=== Section Start ===

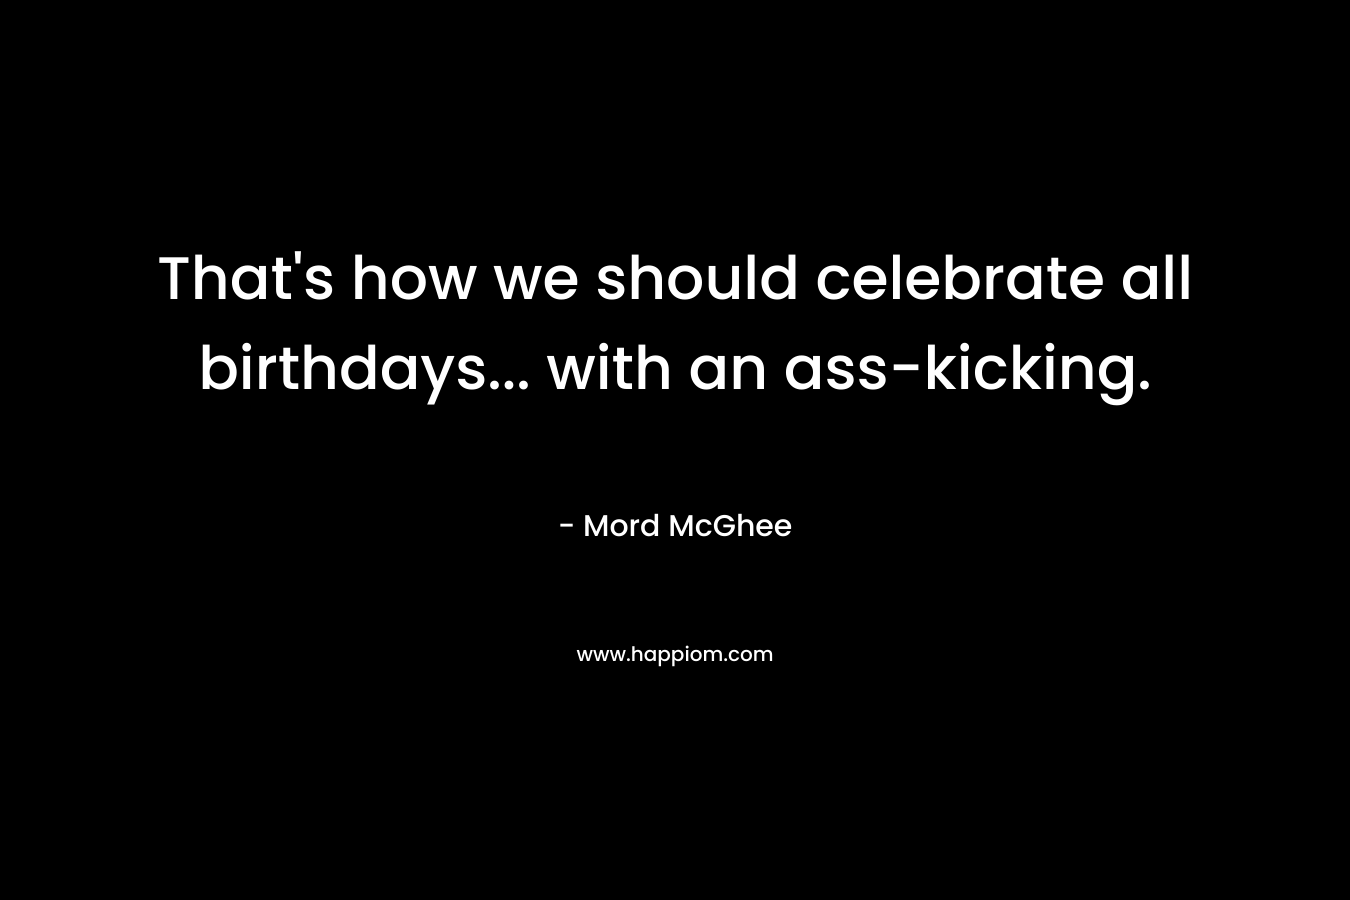 That's how we should celebrate all birthdays... with an ass-kicking.
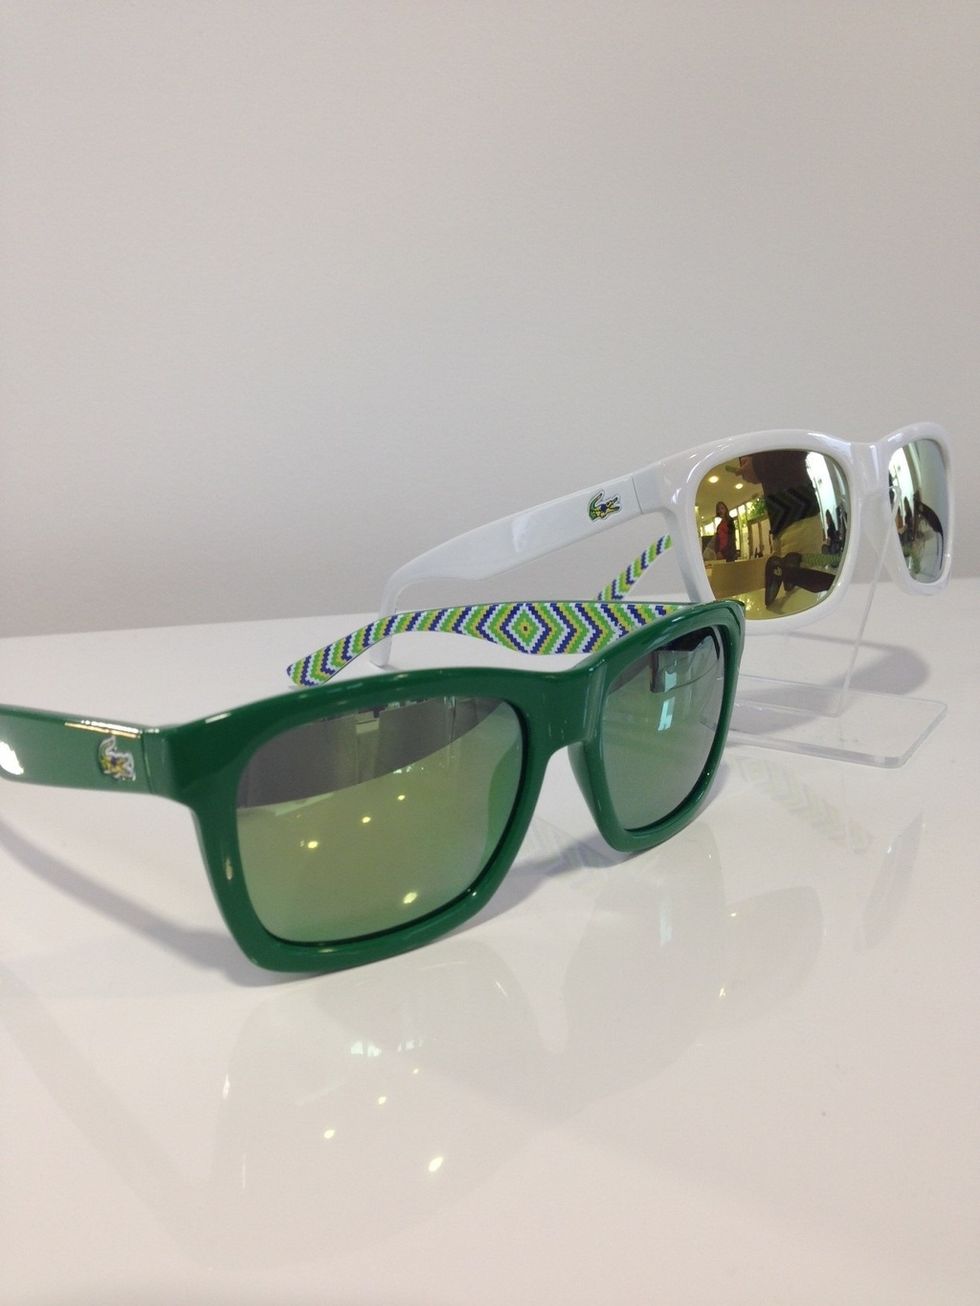 Eyewear, Glasses, Goggles, Vision care, Green, Glass, Yellow, Sunglasses, Personal protective equipment, Reflection, 
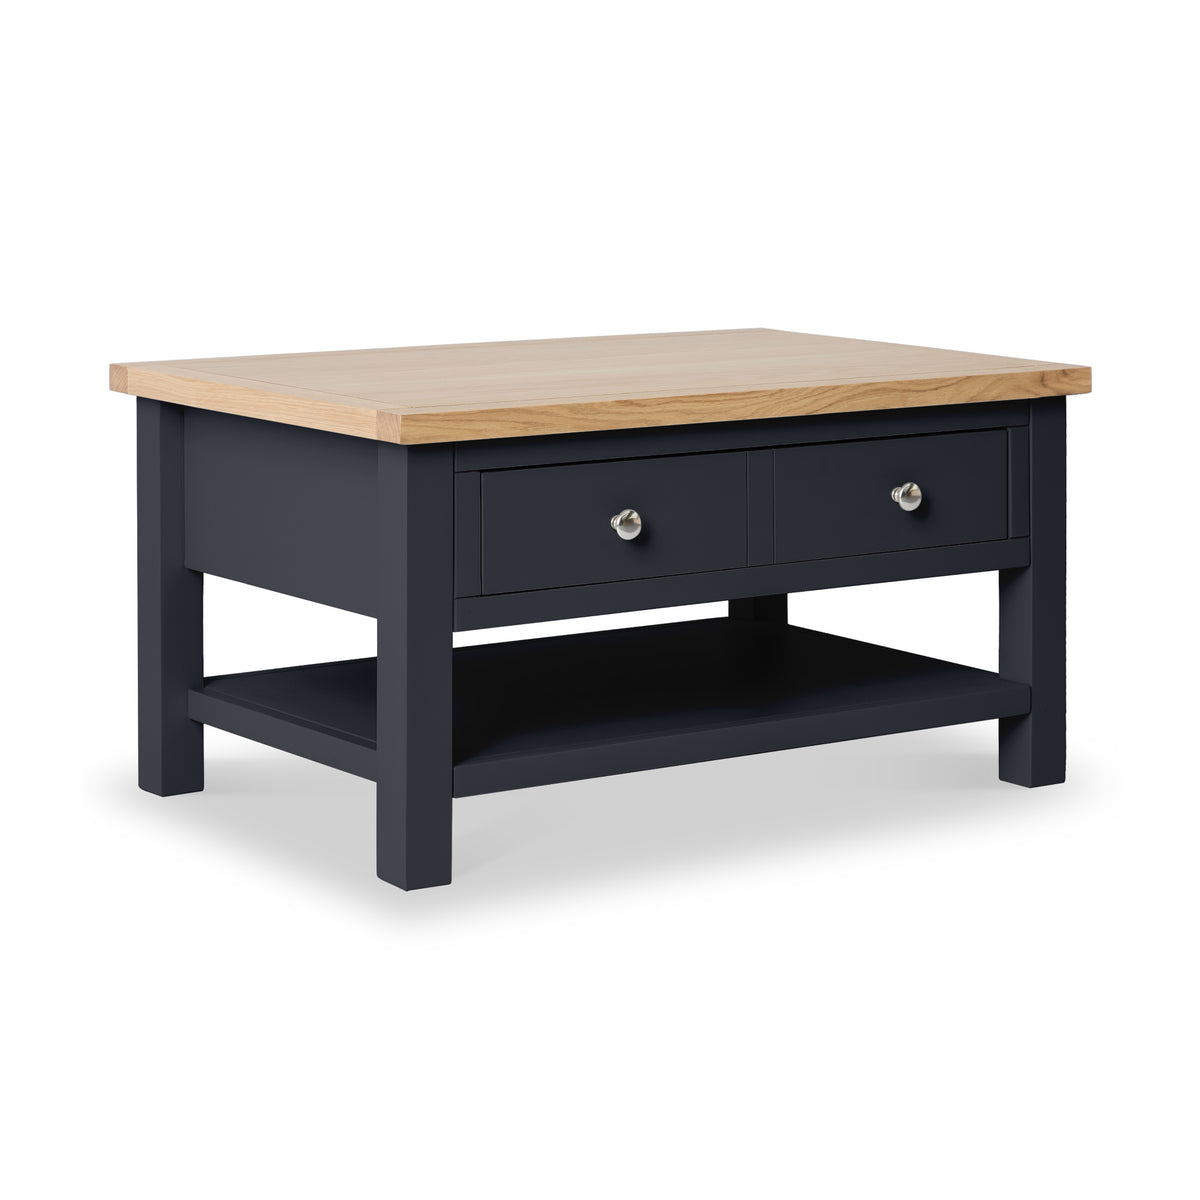 Farrow Black Coffee Table from Roseland Furniture

=== Section End ===

In full and without changes, repeat the listing above, but not its pictures.

Written solution |
 That's how we should celebrate all birthdays... with an ass-kicking.
 Eyewear, Glasses, Goggles, Vision care, Green, Glass, Yellow, Sunglasses, Personal protective equipment, Reflection, 
 Farrow Black Coffee Table from Roseland Furniture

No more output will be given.